Introduction
For quite a long time, I’ve been hunting for vulnerabilities on the HackerOne platform, allocating a certain amount of time outside the main work to check out my new and favorite programs. Countless times, I stumbled upon a Cookie-Based XSS vulnerability, which will be the core content of this article. This type of vulnerability occurs when the value of the cookie parameter is reflected on the page. By default, they are considered self-XSS if we don’t prove the impact. This post will tell you how to exploit Cookie-Based XSS vulnerabilities with an example from testing applications belonging to a single company. In general, I received $7,300 for the Cookie-Based XSS research.

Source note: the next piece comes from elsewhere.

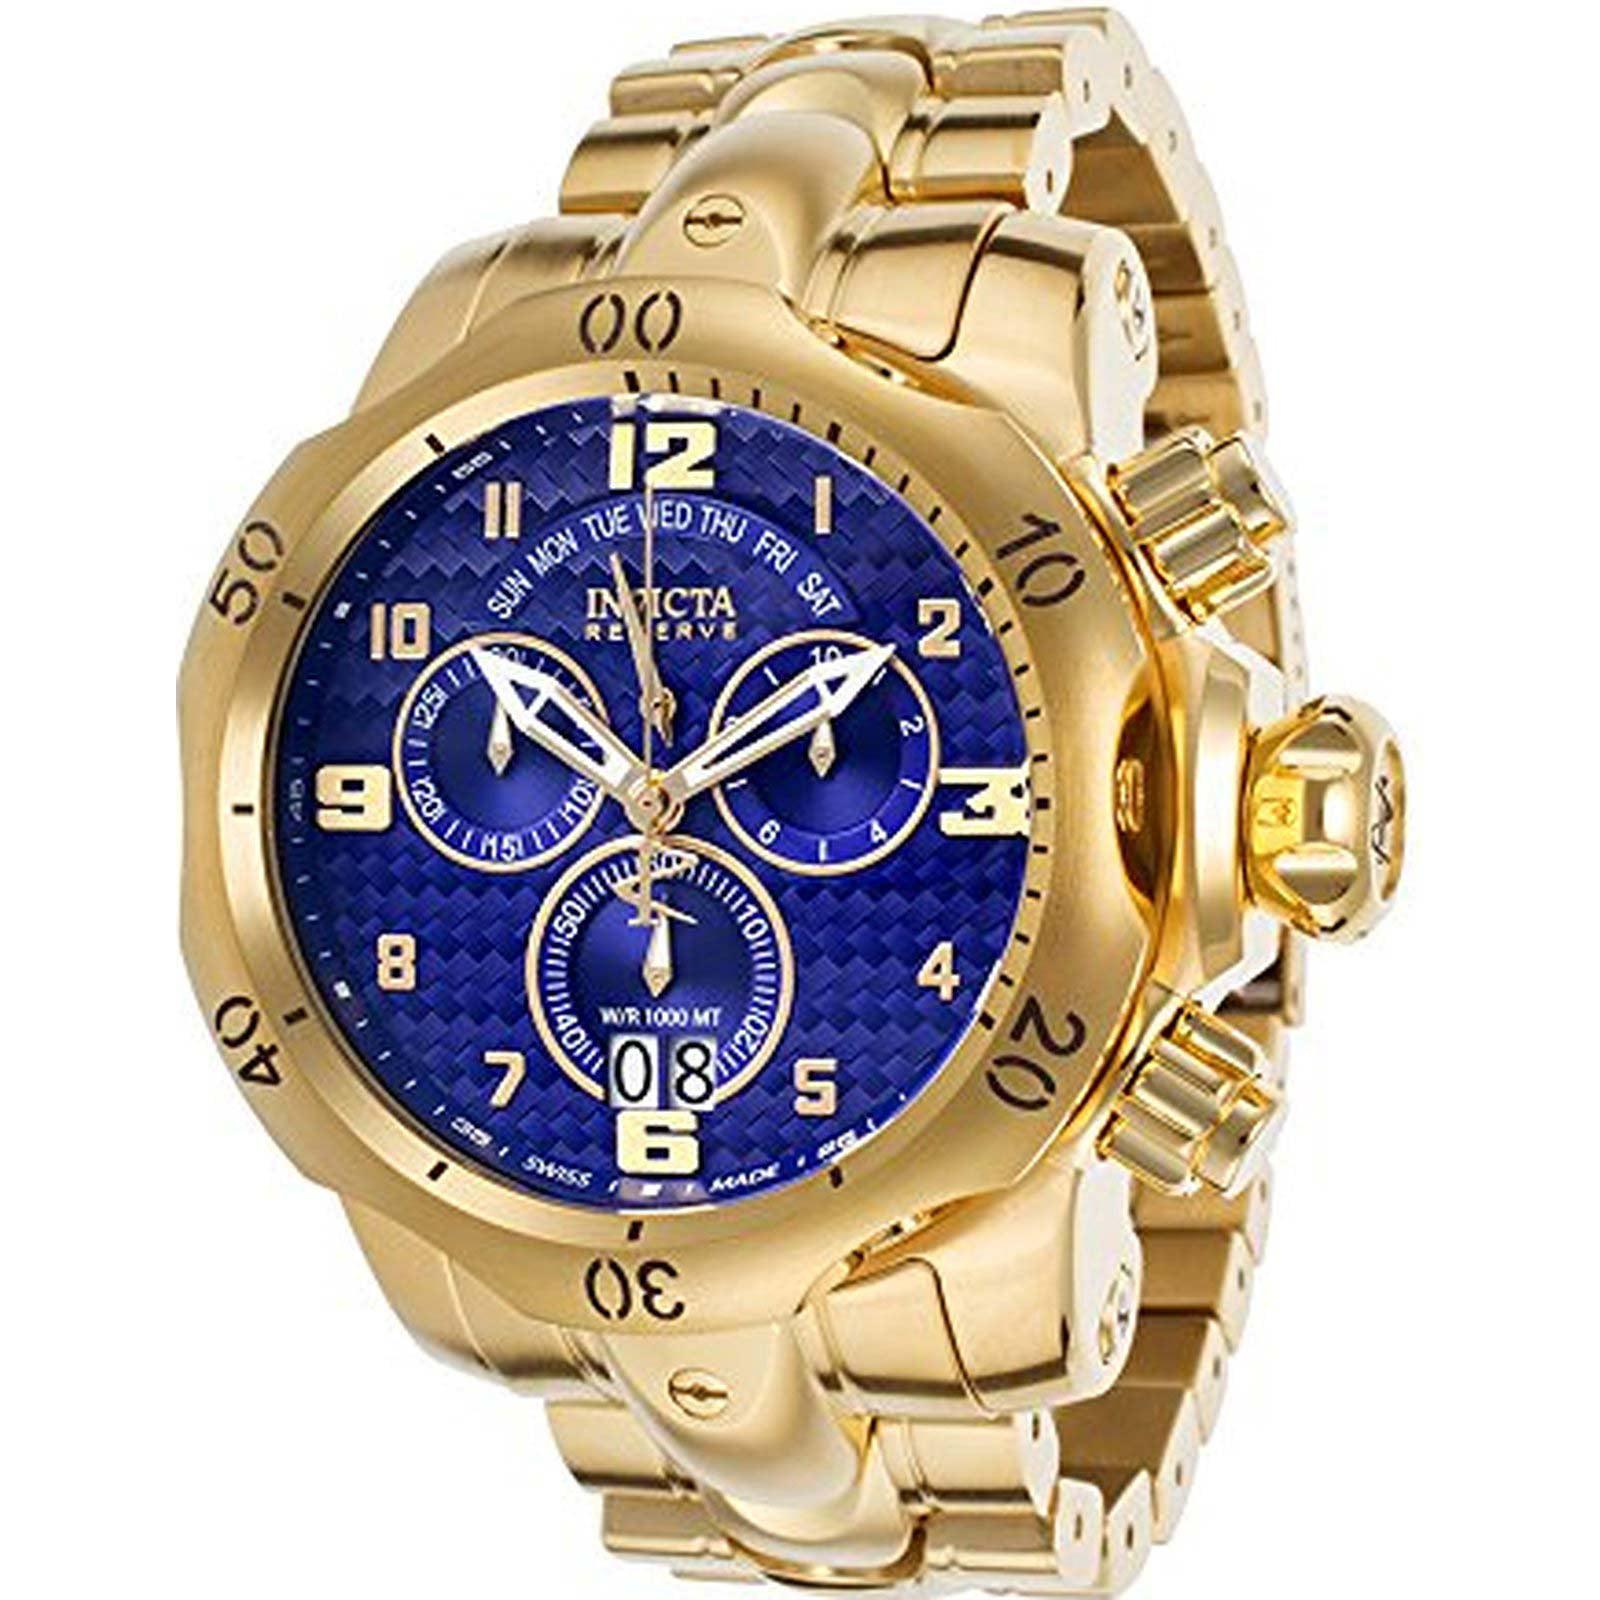 Invicta Men's 17635 Venom Quartz Chronograph Blue Dial Watch

Ways to exploit Cookie-Based XSS
To execute javascript on the user’s side, we need to find a way to set a cookie and, if necessary, make a victim visit the page where the cookie is embedded. Here are possible ways to exploit Cookie-Based XSS:
CRLF injection
This vulnerability occurs when there is no proper detection and blocking of newline characters. We can inject a Set-cookie header in the response with any name and the value of the cookie and set it in the browser. Real-life example: Tricky CRLF injection on twitter.com domain in the redirect, — https://twitter.com/login?redirect_after_login=/jjjkkk嘊嘍Set-Cookie:jjjjj=a;domain=twitter.com
You can check disclosed reports of this type on HackerOne.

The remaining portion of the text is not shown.